*Activity*
An exact repetition of the data below, without images, is the expected answer.

*Stored data*
· · · · ·

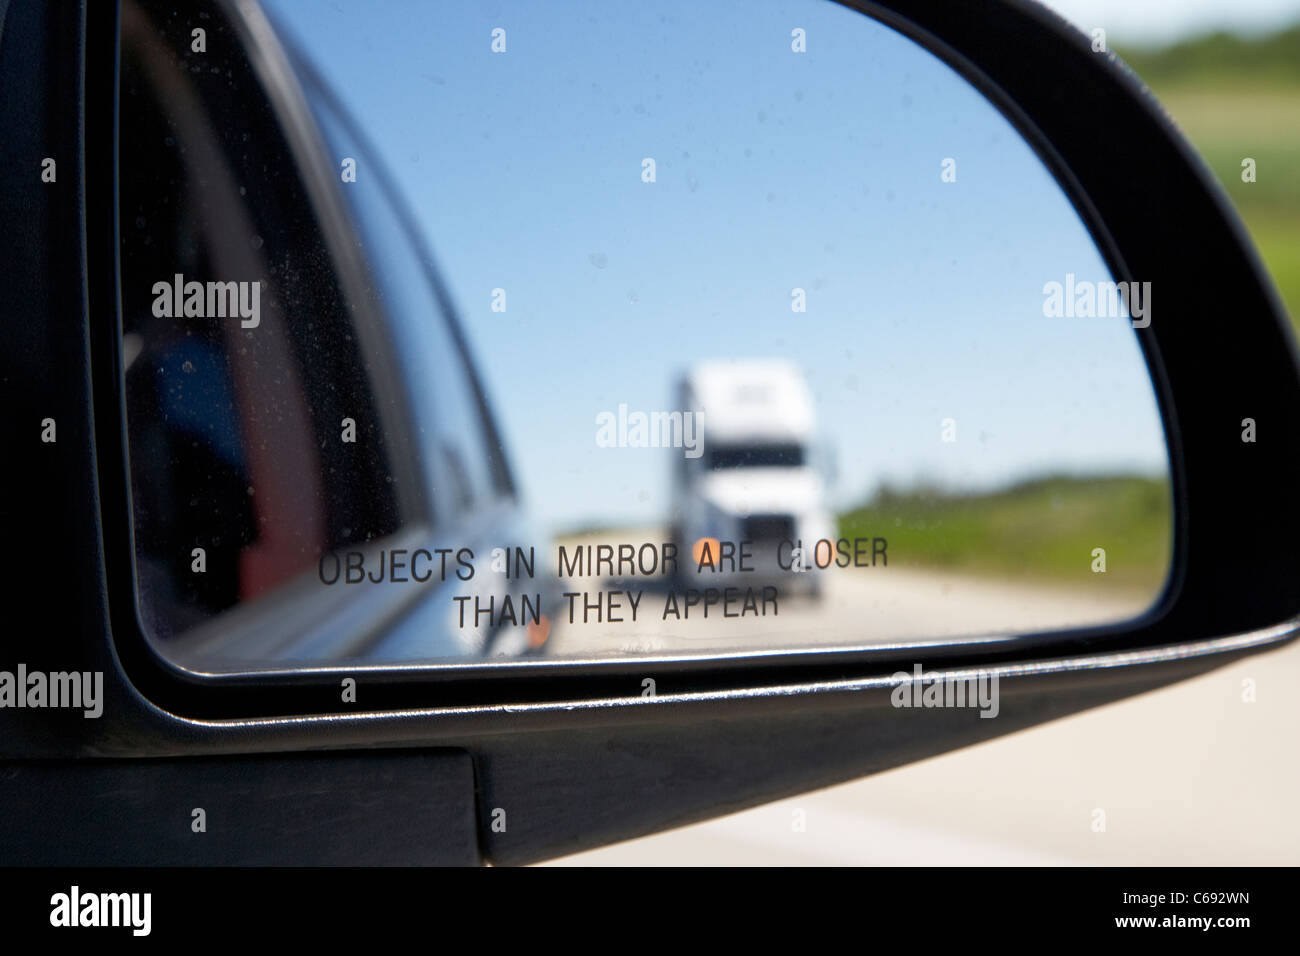 Objekte in Spiegel sind näher, als sie im Auto Außenspiegel
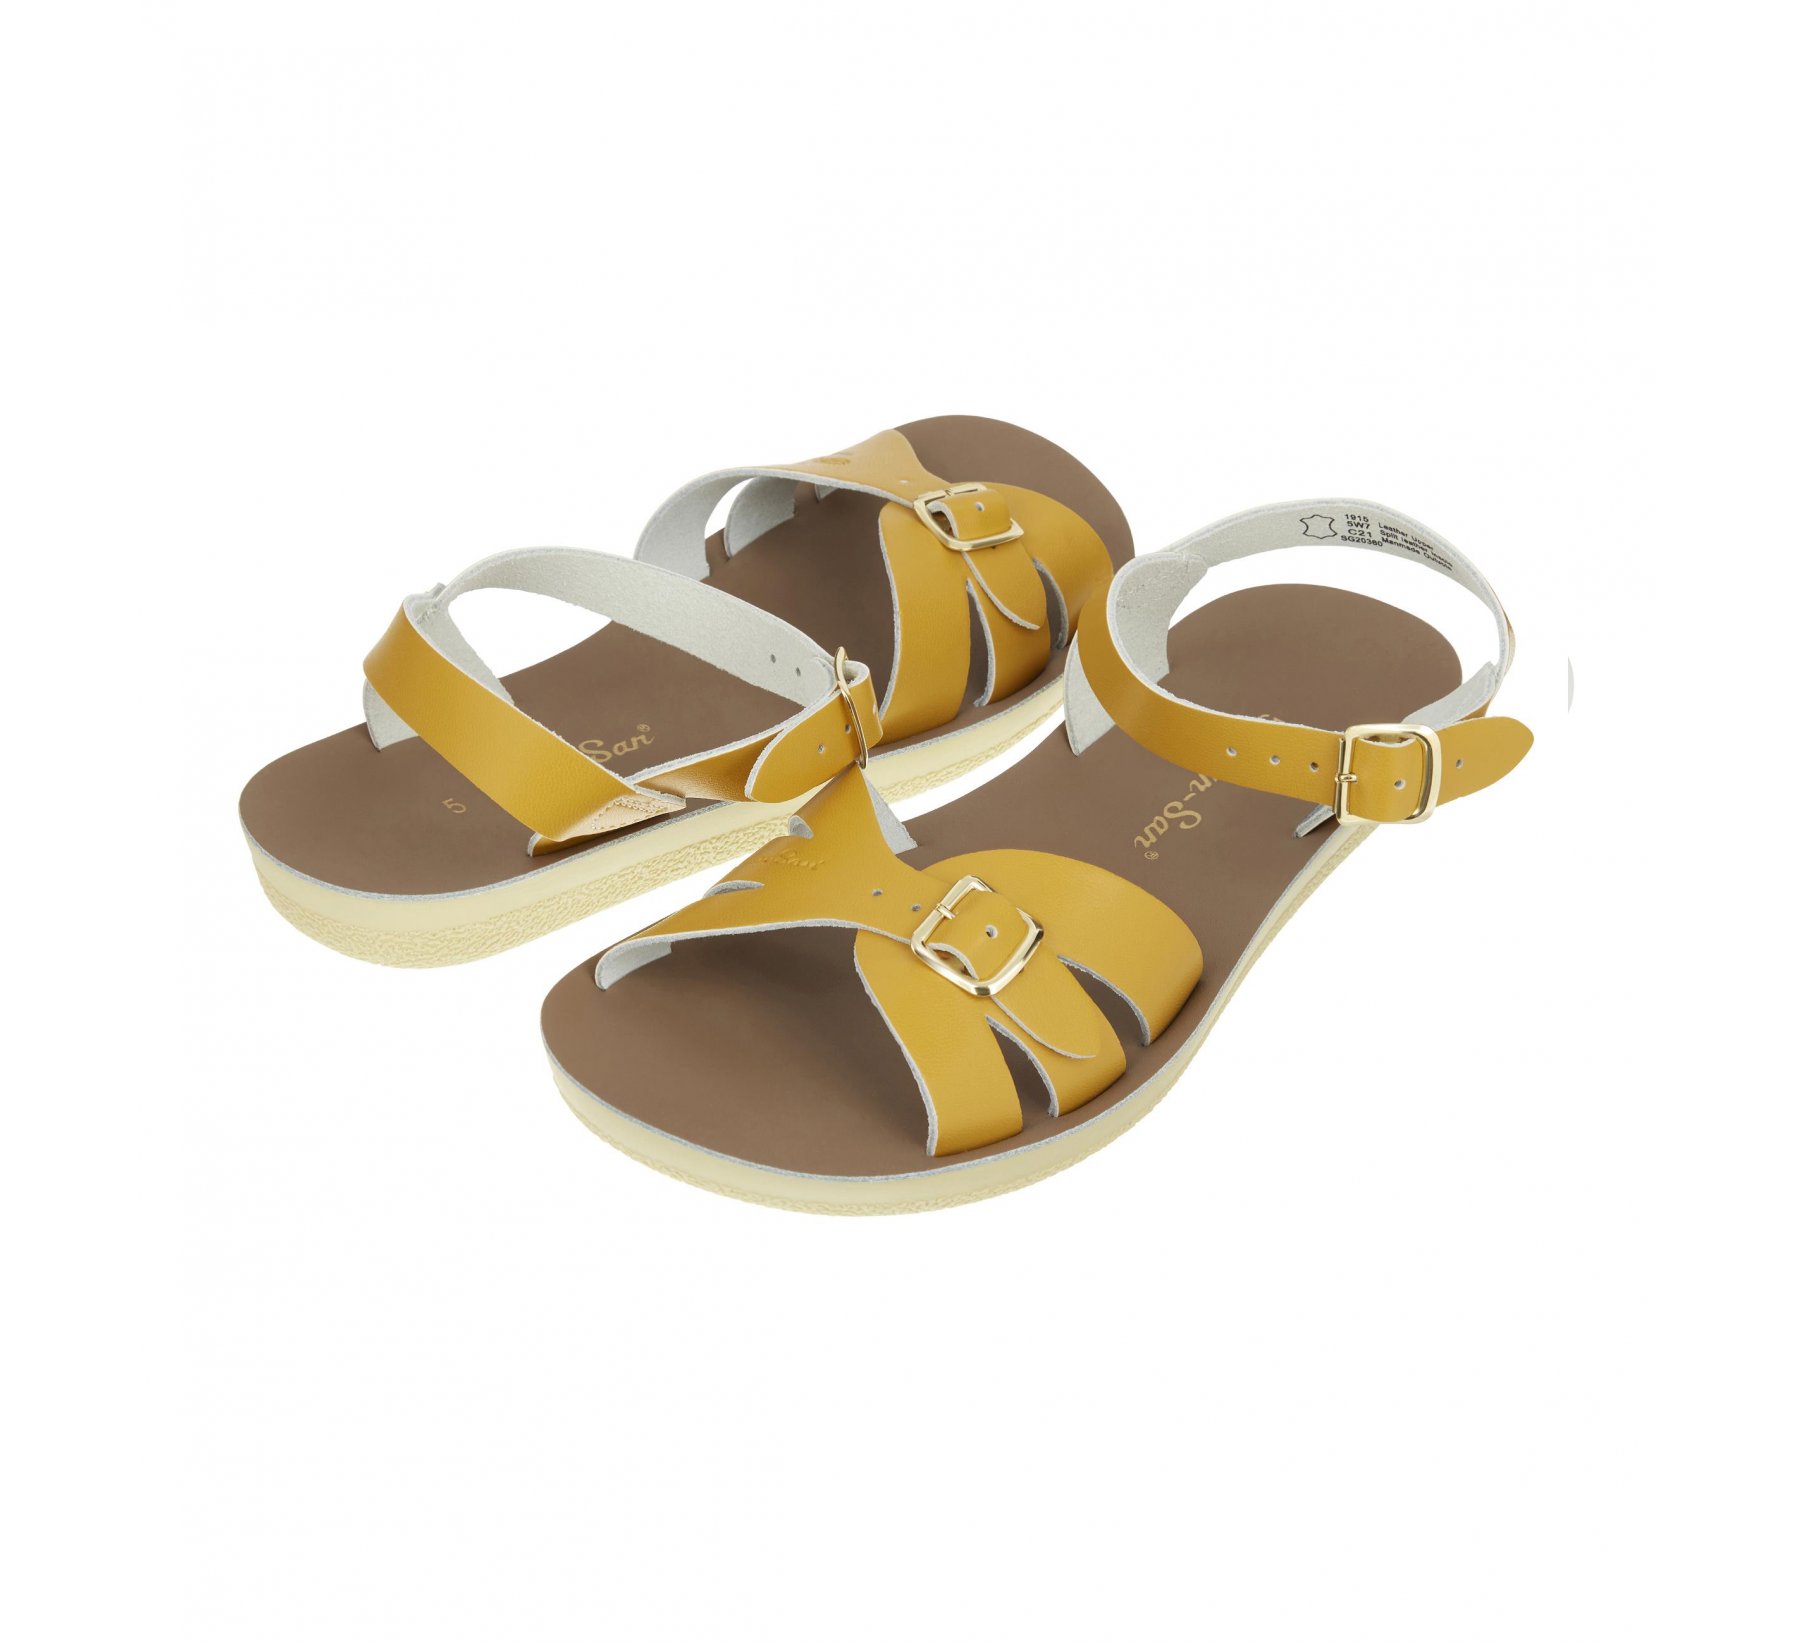 Boardwalk Mustard - Salt Water Sandals
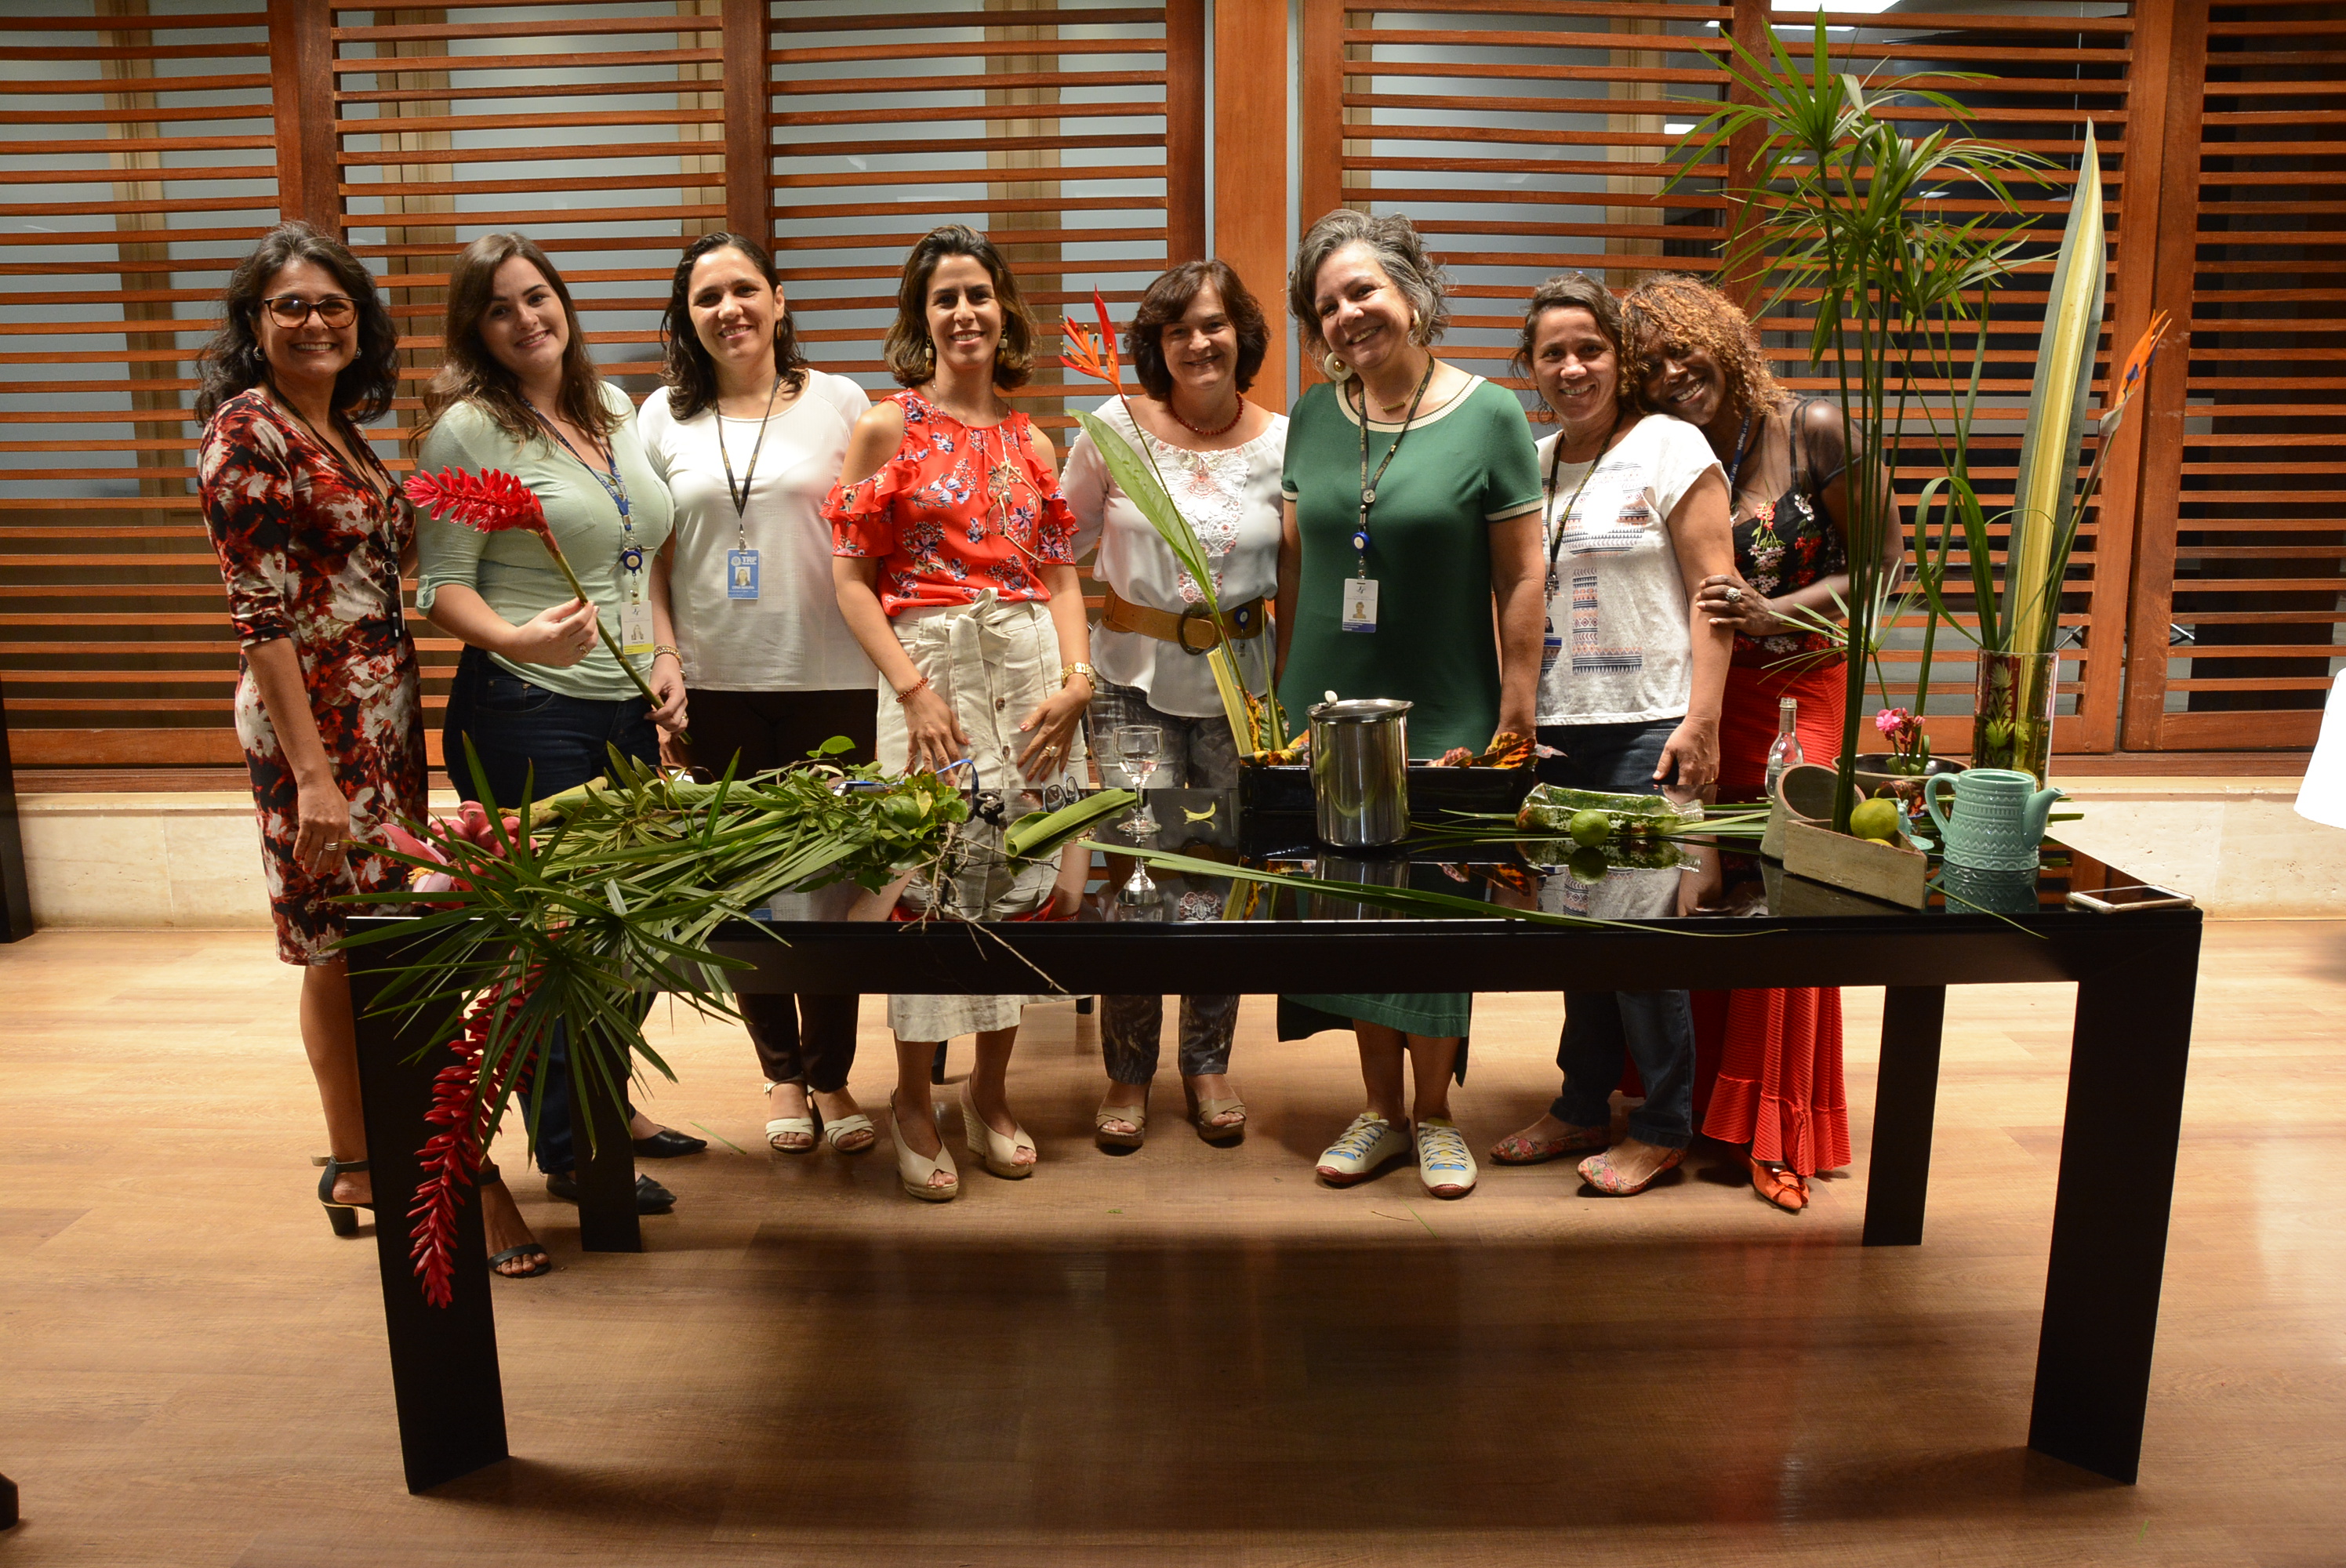 INSTITUCIONAL: Semana da Mulher: oficina aborda técnica de transformação de plantas naturais em arranjos decorativos

· · · · ·

*Result of the exercise*
 Objekte in Spiegel sind näher, als sie im Auto Außenspiegel
 Boardwalk Mustard - Salt Water Sandals
 INSTITUCIONAL: Semana da Mulher: oficina aborda técnica de transformação de plantas naturais em arranjos decorativos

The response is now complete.